[Problem requirements] With the pictures removed, please write out every line below exactly as given.

[Data segment]
=== Section Start ===
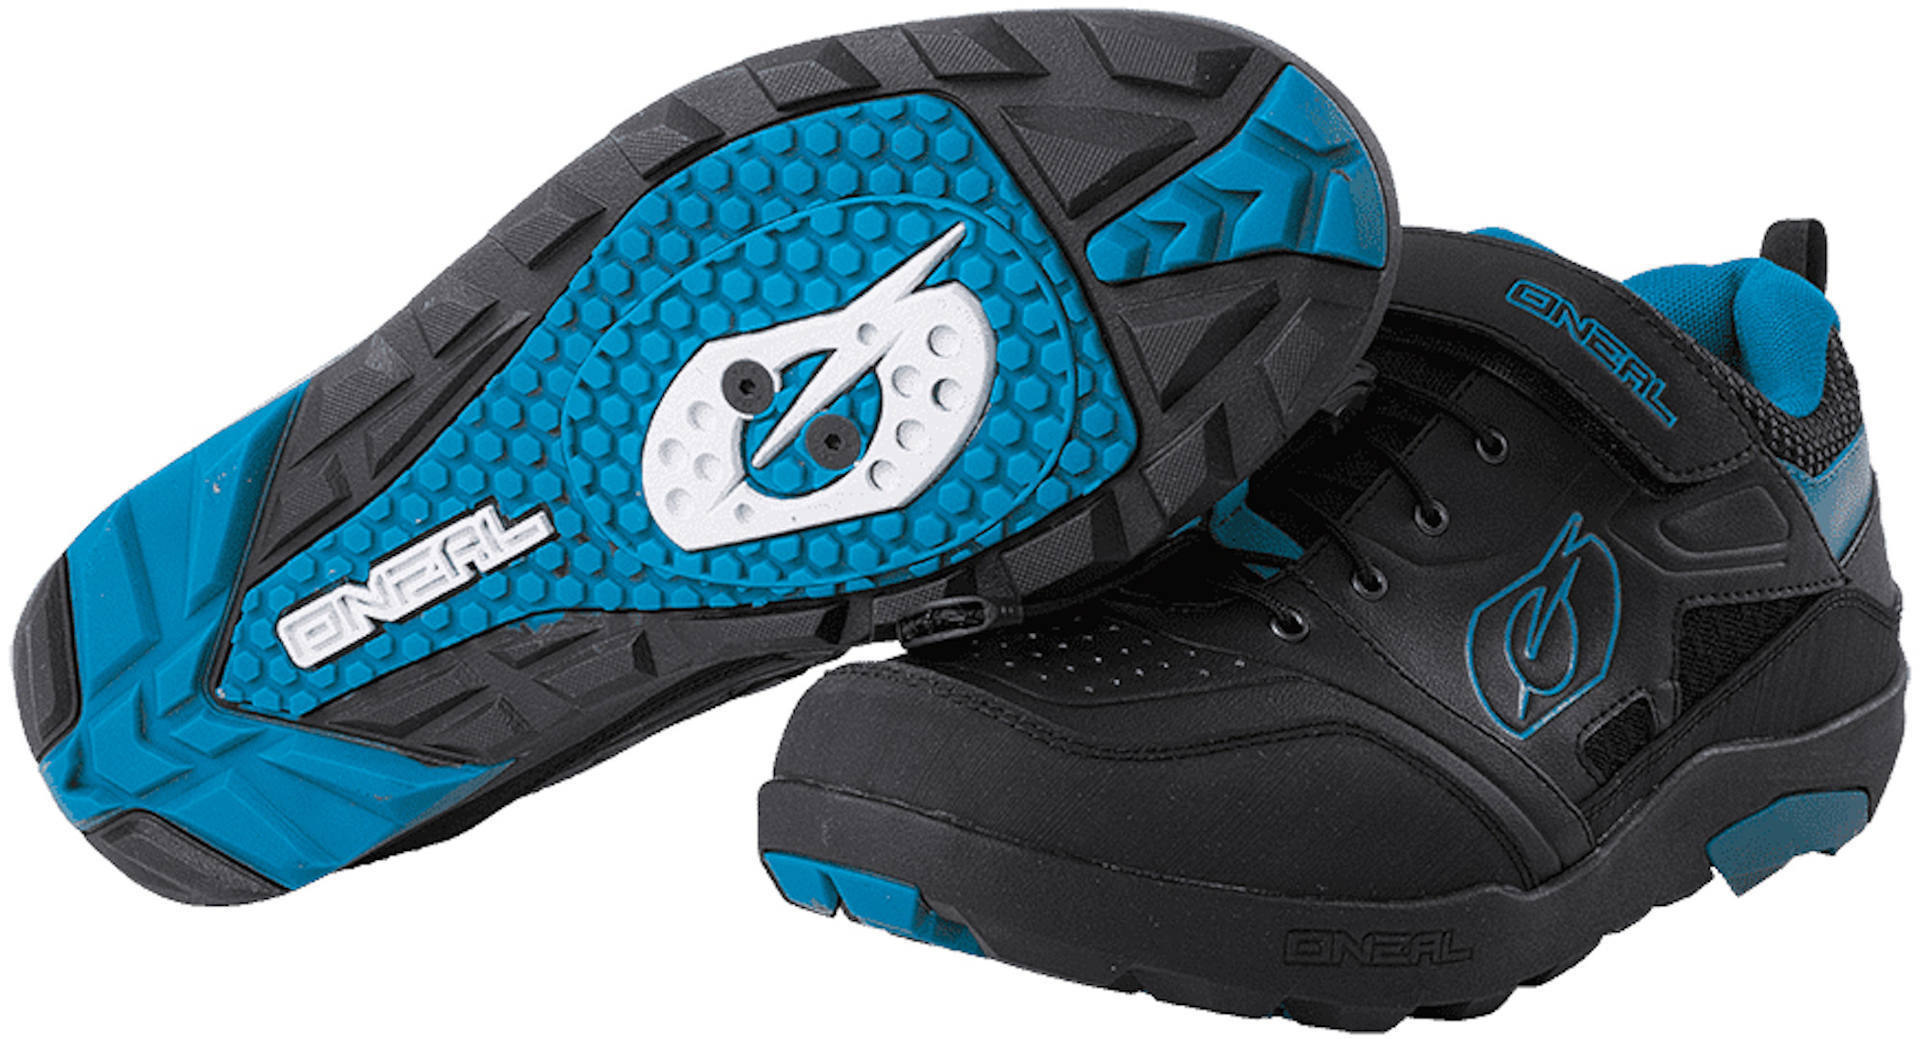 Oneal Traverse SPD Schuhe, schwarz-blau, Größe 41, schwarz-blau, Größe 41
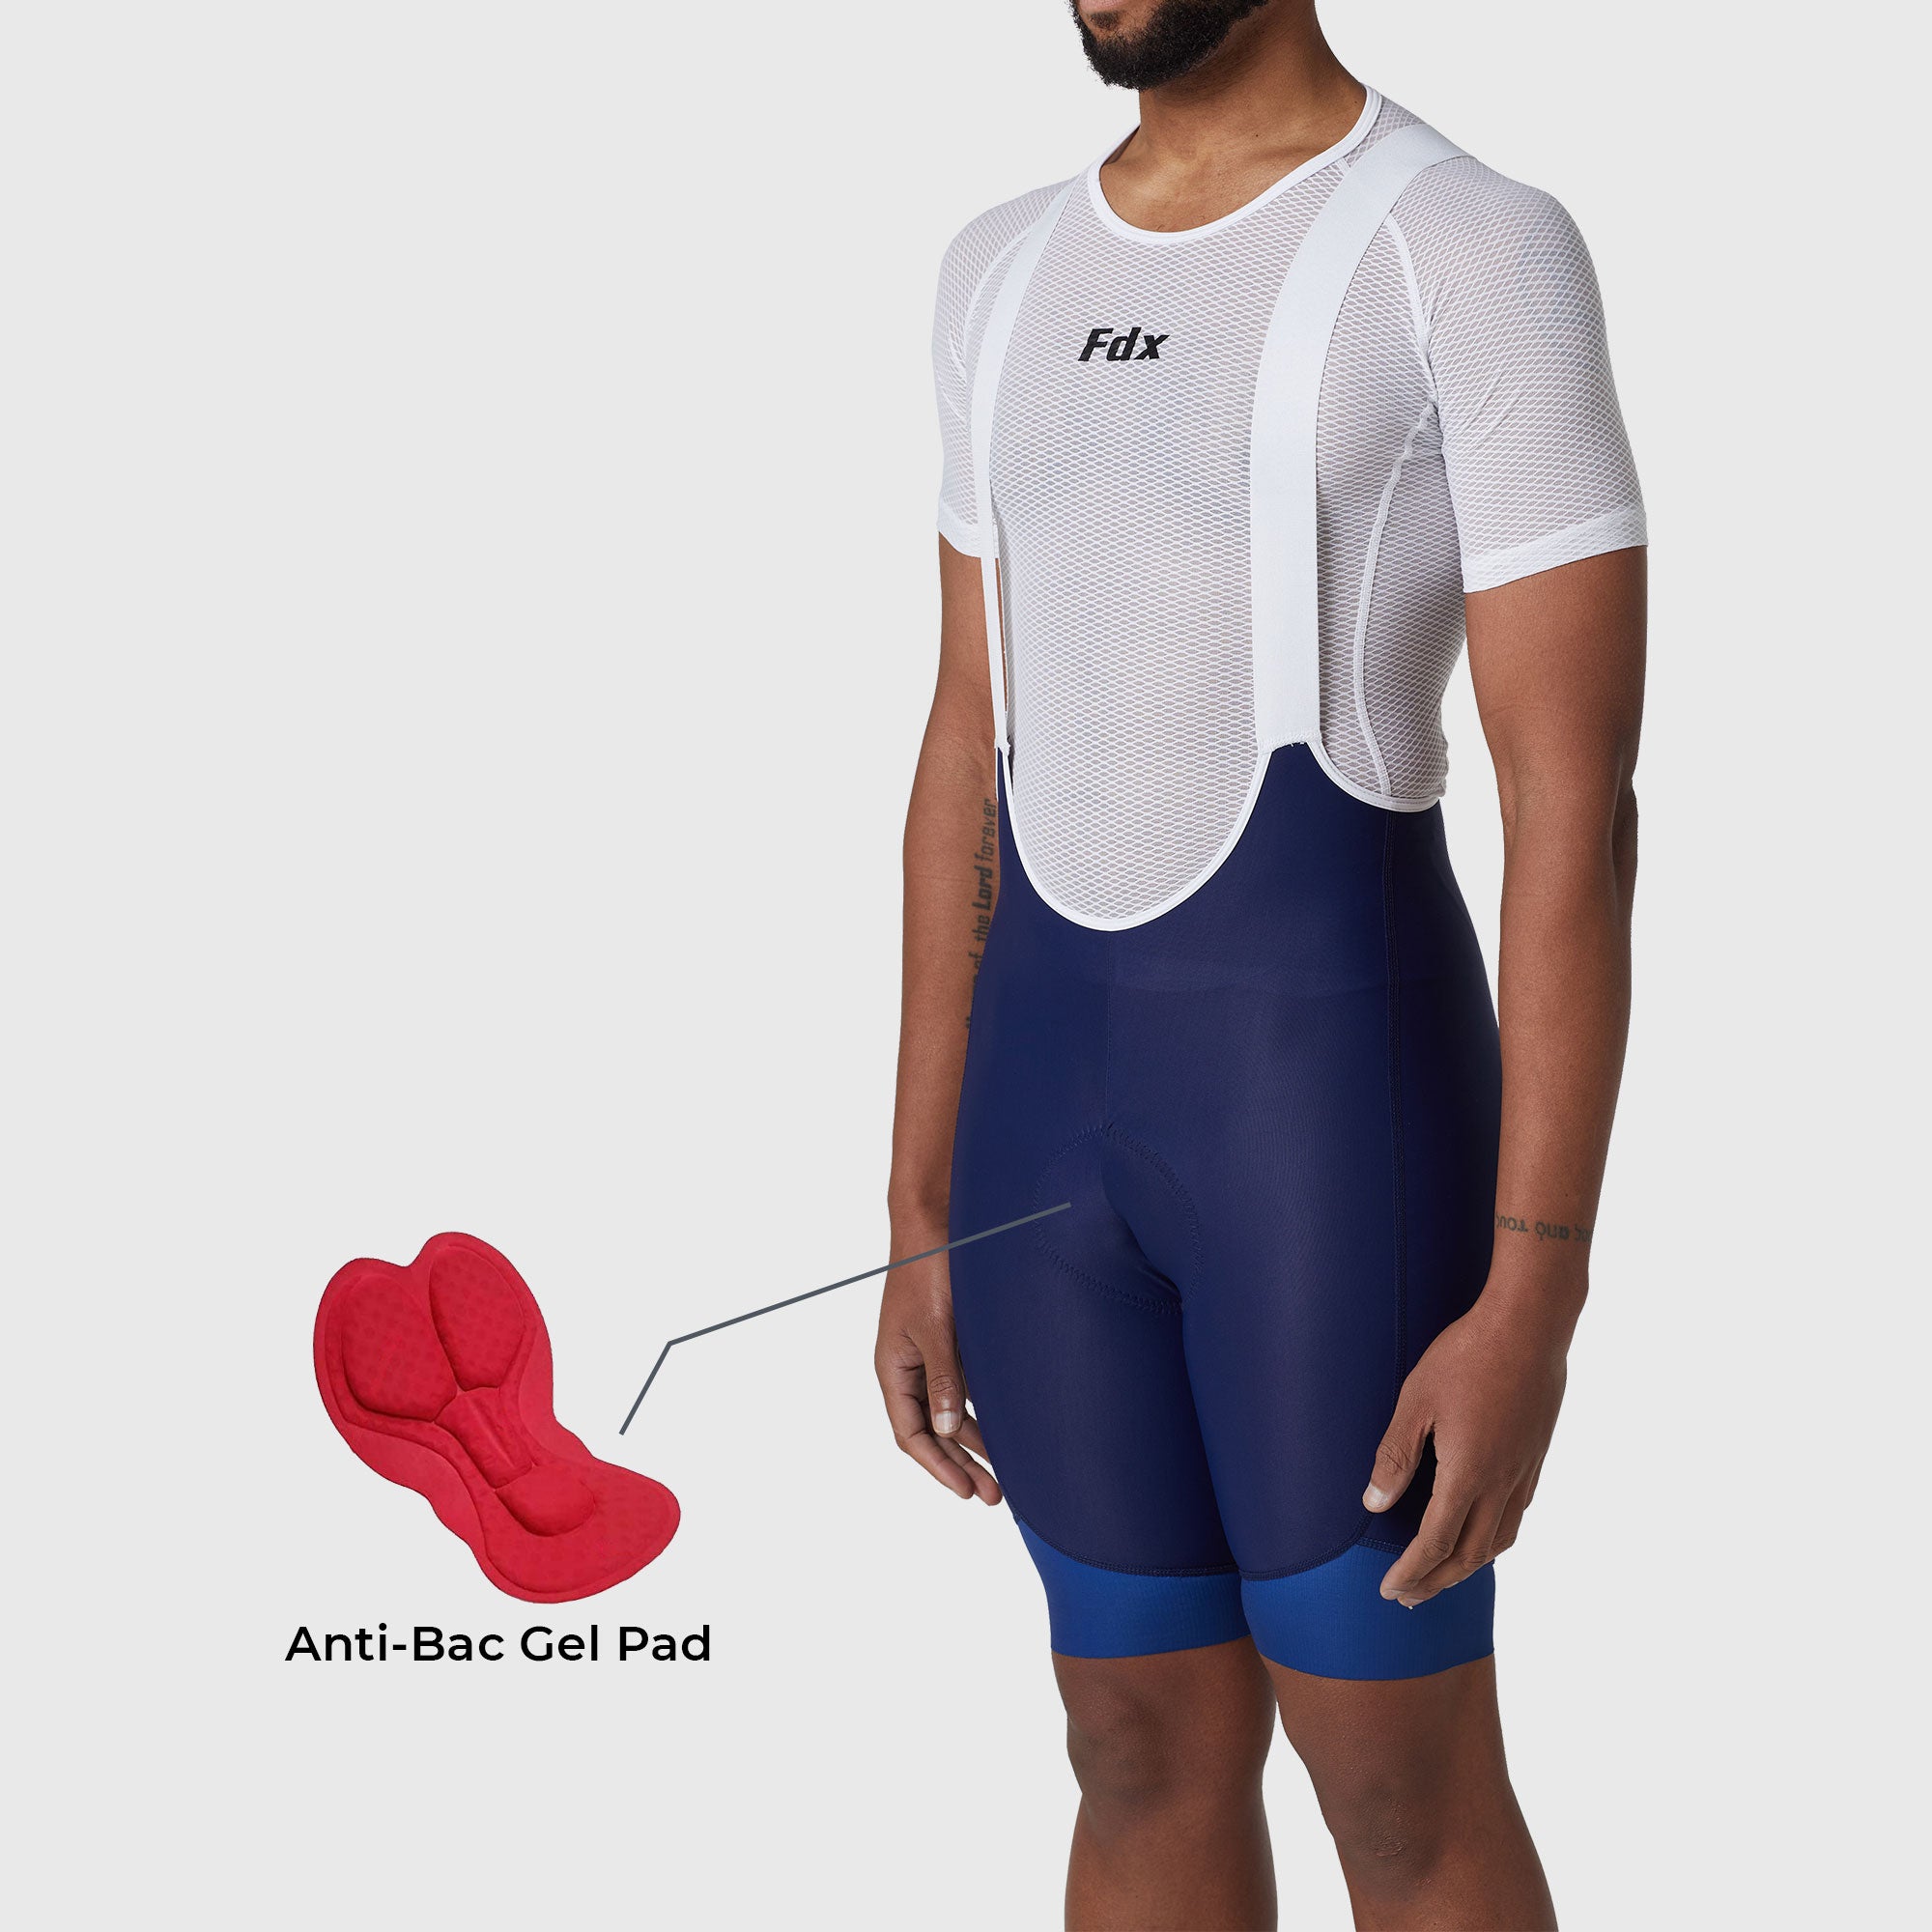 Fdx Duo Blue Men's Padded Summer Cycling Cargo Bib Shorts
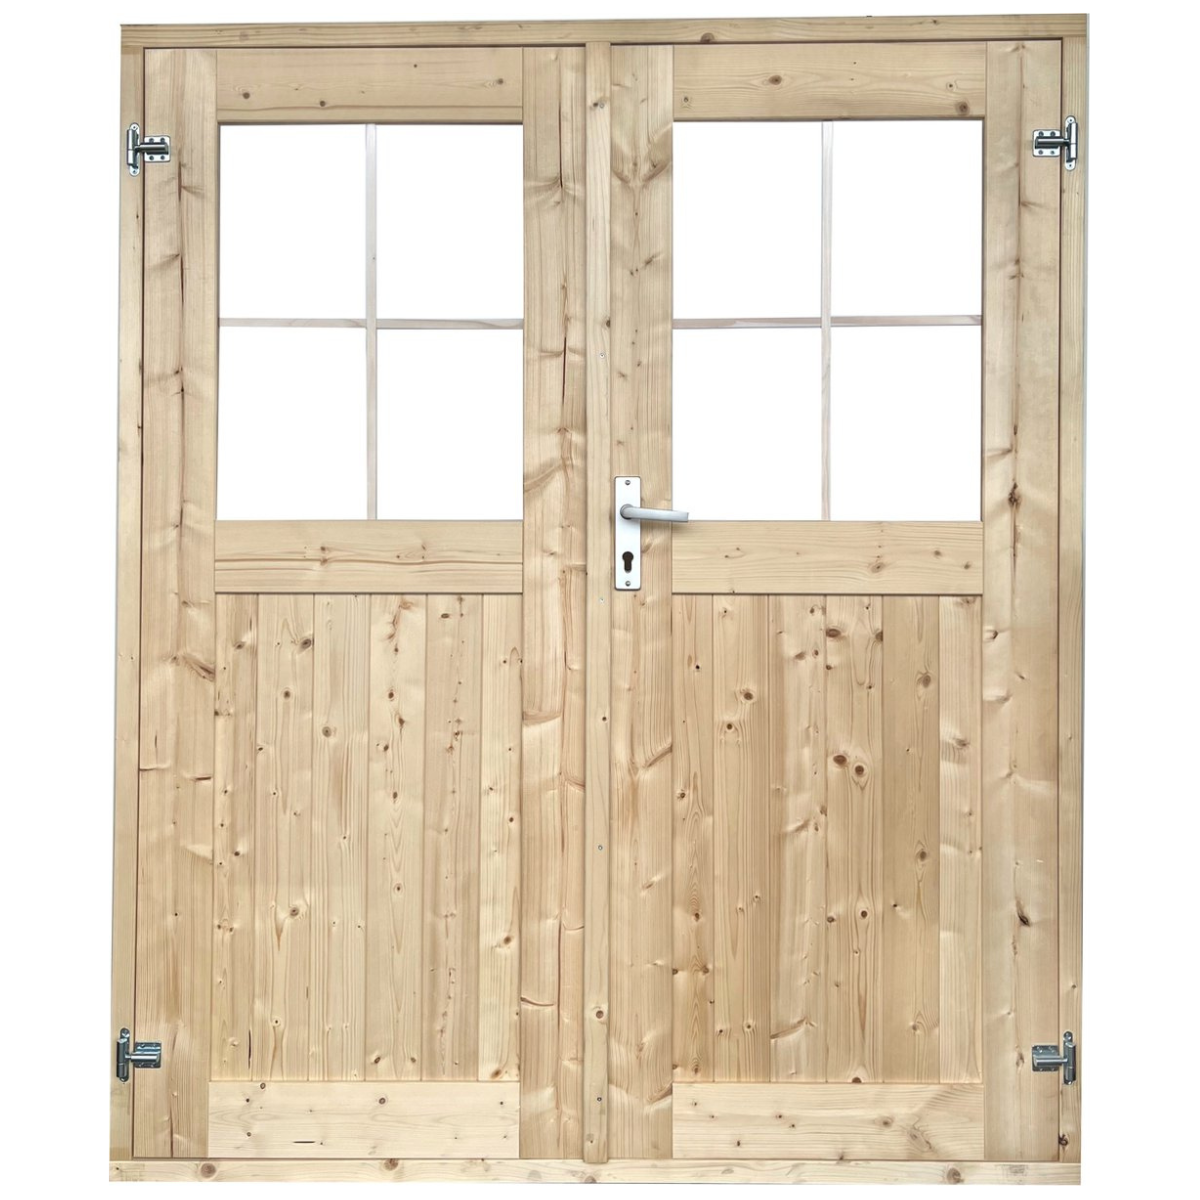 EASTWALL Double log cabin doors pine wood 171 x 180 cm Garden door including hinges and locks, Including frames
=== Section End ===
[Response for this exercise]
 Oneal Traverse SPD Schuhe, schwarz-blau, Größe 41, schwarz-blau, Größe 41
 Fdx Duo Blue Men's Padded Summer Cycling Cargo Bib Shorts
 EASTWALL Double log cabin doors pine wood 171 x 180 cm Garden door including hinges and locks, Including frames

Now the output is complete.